# Rottweiler?!!!!



## AmyinAr (Feb 26, 2008)

Um, no (but I love rottis so it wouldn't bother me a bit)... I happen to have this pic b/c this rottie was one of my favs at the shelter I work with ... 









methinks they were looking for an out ....


----------



## AmyinAr (Feb 26, 2008)

haha ok the 5th pup pic does bear some resemblance .... too cute


----------



## allux00 (Mar 2, 2008)

Ohhh my gosh!!! They all just stole my heart, rottie mix (which i don't see at all) or not!


----------



## Jackson'sMom (Oct 13, 2007)

Uh, no, no Rotties there.


----------



## Penny & Maggie's Mom (Oct 4, 2007)

THey are so cute, I'm sitting here grinning from ear to ear. Love that second to last one.


----------



## Argos' Mom (Jun 2, 2008)

That's really funny. When we got Argos, we had the papers to register him and I saw his parents so I know he is all Golden. But, Argos has a huge head and it has always reminded me of a Rott's head. Now that I know more about the breed, I know Goldens have some pretty big heads too. I can see how someone could mistake them is they don't know, but come on, those puppies have got the cutest little Golden fluffy faces. There's no denying them.


----------



## Tahnee GR (Aug 26, 2006)

Uh, no-none that I can see! Do they not know the coloring of Rotties? And that most often it is dominant?

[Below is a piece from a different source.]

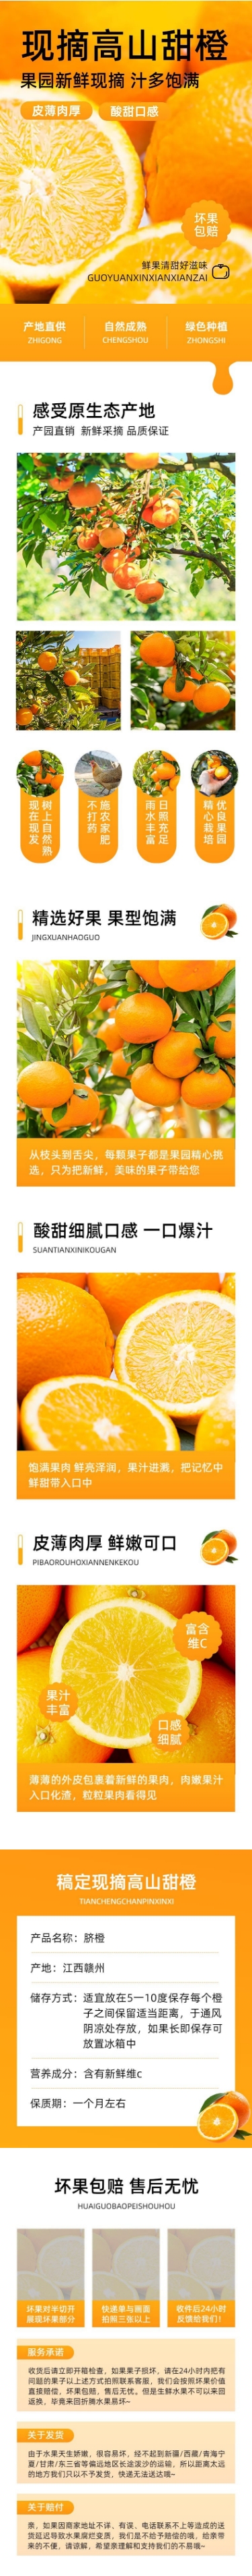 生鲜水果橙子商品详情页

Either they were too stupid to deserve a puppy, or they were looking for an out!


----------



## cham (Feb 21, 2008)

No Rotties that I can see. And I love both breeds, so I will just take them all including the rottie pup!


----------



## mylissyk (Feb 25, 2007)

Whooo, thanks, I thought maybe I had gone color blind or something!


----------



## GoldenJoyx'stwo (Feb 25, 2007)

I wouldn't care if they were! They're adorable.


----------



## SillyTilly (Jan 22, 2008)

Those puppies are adorable. I don't see any rottie in them, but I loved my rottie to pieces, so I wouldn't have a problem even if they were.


----------



## Faith's mommy (Feb 26, 2007)

that would be a perfect mix for us. hubby loves rotties and i love goldens.


----------



## fostermom (Sep 6, 2007)

Tahnee GR said:


> Either they were too stupid to deserve a puppy, or they were looking for an out!


I vote for stupid. LOL

What a bunch of cuties!


----------



## Heidi36oh (Feb 27, 2007)

There adorable, no rottie that I can see.


----------



## Penny & Maggie's Mom (Oct 4, 2007)

mylissyk said:


> Whooo, thanks, I thought maybe I had gone color blind or something!

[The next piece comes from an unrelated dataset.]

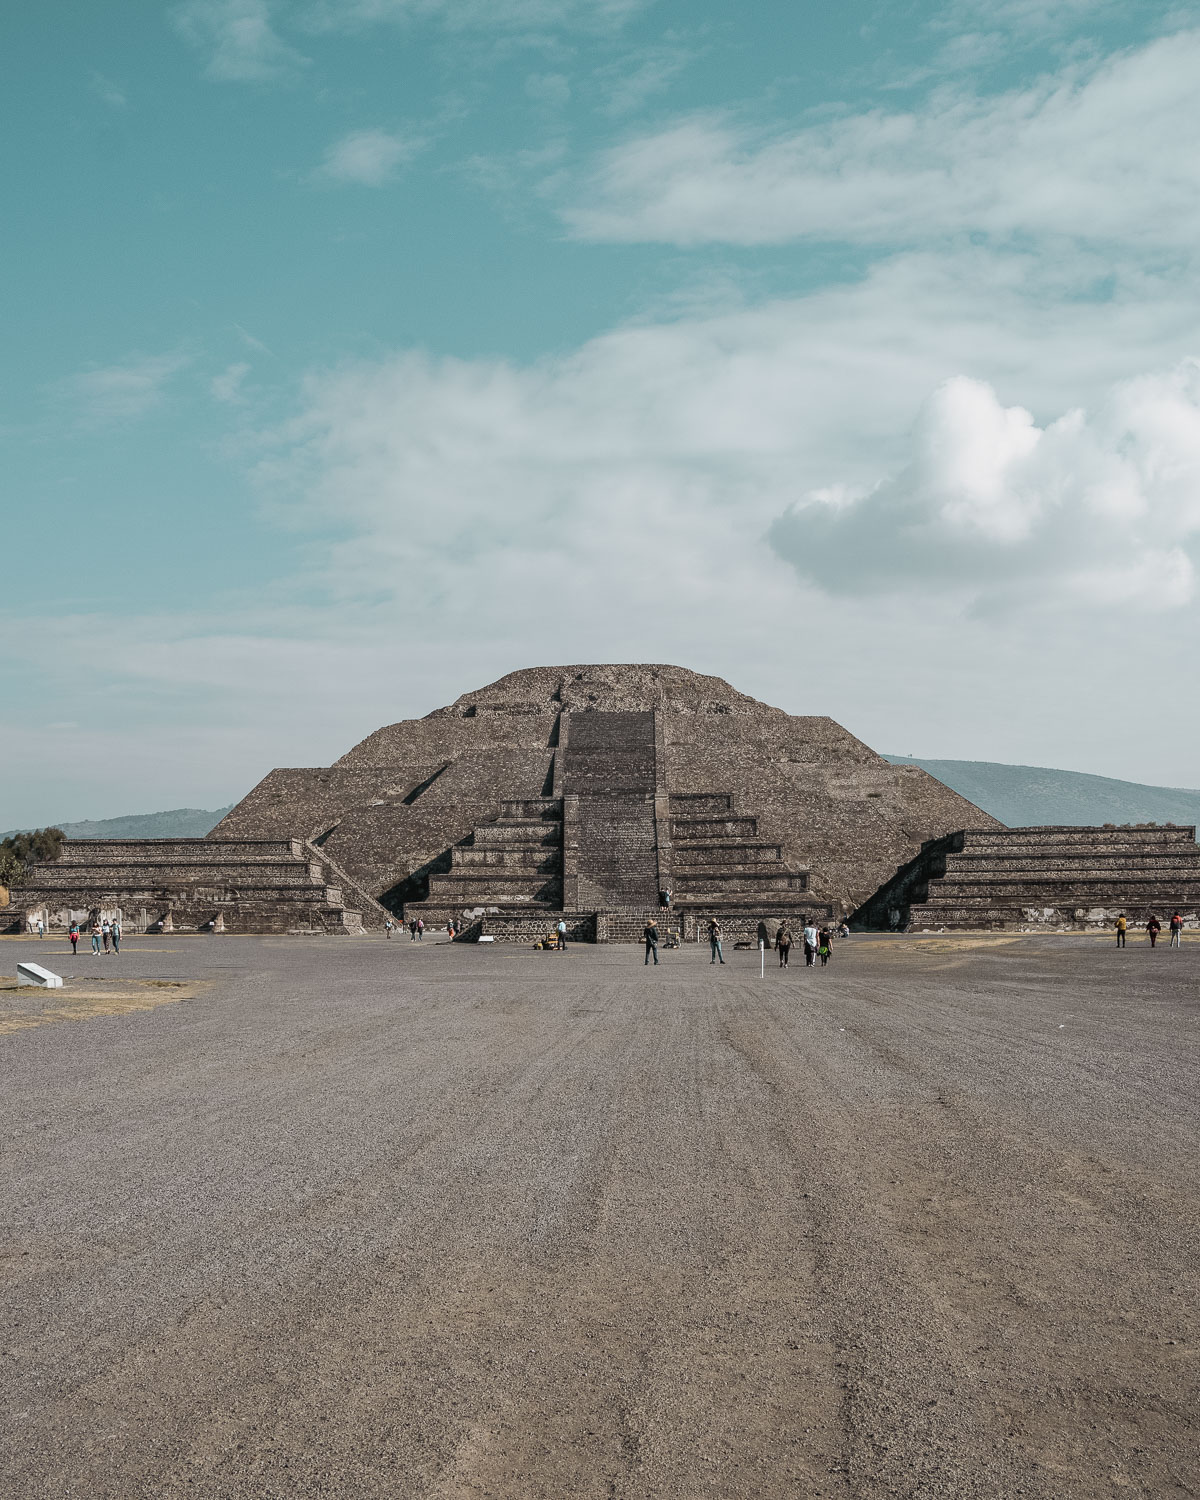 Le site archéologique de Teotihuacan, un lieu clé de l'histoire de Mexico, incontournable pour découvrir la ville

Blinded by all the gold are ye??? ROFL. I think I am blinded by the huge grin on my face when I look at those sweetie pies...... my eyes must be just scrunched shut.


----------



## Debles (Sep 6, 2007)

What had those people been smokin?


I like 3 and 4 the best but they all are adorable!!!1


----------



## sharlin (Feb 26, 2007)

**** - whatever those people in Texas are smoking it must be a LOT stronger then what Calif has to offer!!!!


----------



## Penny & Maggie's Mom (Oct 4, 2007)

sharlin said:


> **** - whatever those people in Texas are smoking it must be a LOT stronger then what Calif has to offer!!!!


 
Willie fumes, Steve, Willie fumes !!!!!


----------



## BeauShel (May 20, 2007)

No Rotties there that I can see. All I see is sweet gold puppies


----------



## Champ (Jun 10, 2006)

LOL Rotties? I love rotties but all I see are pure golden cuties!


----------



## fiestyredheadntx (Mar 27, 2008)

Melissa~
OMG! They are all adorable and look totally golden to me! Are you fostering them? How old are they?


----------



## mylissyk (Feb 25, 2007)

fiestyredheadntx said:


> Melissa~
> OMG! They are all adorable and look totally golden to me! Are you fostering them? How old are they?


They are adorable aren't they? They will be 7 weeks old Saturday. I had them for a week when they were 3 weeks old, but they are at a different foster home now. In fact this weekend 4 of the 6 will be going home to their adopters. I think there may be some yellow lab in the litter, two of them have shorter smoother coats than the others.


----------



## jealous1 (Dec 7, 2007)

Cute puppies! However, they don't look nuttin' like my rottweiller!


----------



## mylissyk (Feb 25, 2007)

All these babies have been successfully adopted to wonderful homes!


----------



## Griffyn'sMom (Mar 22, 2007)

Weird! Ah well.. just as well - if they wanted a Rottie personality they wouldn't get it from those pups. 

They are sooo cute! :


----------



## allux00 (Mar 2, 2008)

Thats great!


----------



## sharlin (Feb 26, 2007)

mylissyk said:


> All these babies have been successfully adopted to wonderful homes!


Thanks for the update~and bless you guys for another wonderful job.


----------



## Goldbeau (Mar 29, 2008)

HMmmmmm, they look more like poodle to me. Especially with the coloring and curly coat.... 
They are adorable! :


----------



## LifeOfRiley (Nov 2, 2007)

Gee, I was thinking Dobie... 
Seriously... Rottie? Are you kidding? I love Rotties, but I don't see _anything_ in those pups that would make think that.

They are absolutely adorable, though! They have such happy little faces.


----------



## Lexie's Mom (Dec 14, 2005)

Nope, does not look like my HOOCH at all. All golden


----------



## Finn's Fan (Dec 22, 2007)

If those babes aren't all golden, then they're glabs, but they sure as heck don't have Rottie parentage They're all cute as can be, and it's wonderful that they've all found forever homes.


----------



## Team Alfie (Jun 4, 2008)

I've never seen a Golden Retriever/Rottweiler mix before, but that would have to be one awesome dog!


----------



## Phillyfisher (Jan 9, 2008)

Guess they were confused by the shape of their heads. Perhaps they had a bad experience with a rottie- my sister had one who was so sweet- and I have met many others the same way- would have no problem adopting one of those sweeties! They look 100% golden to me...


----------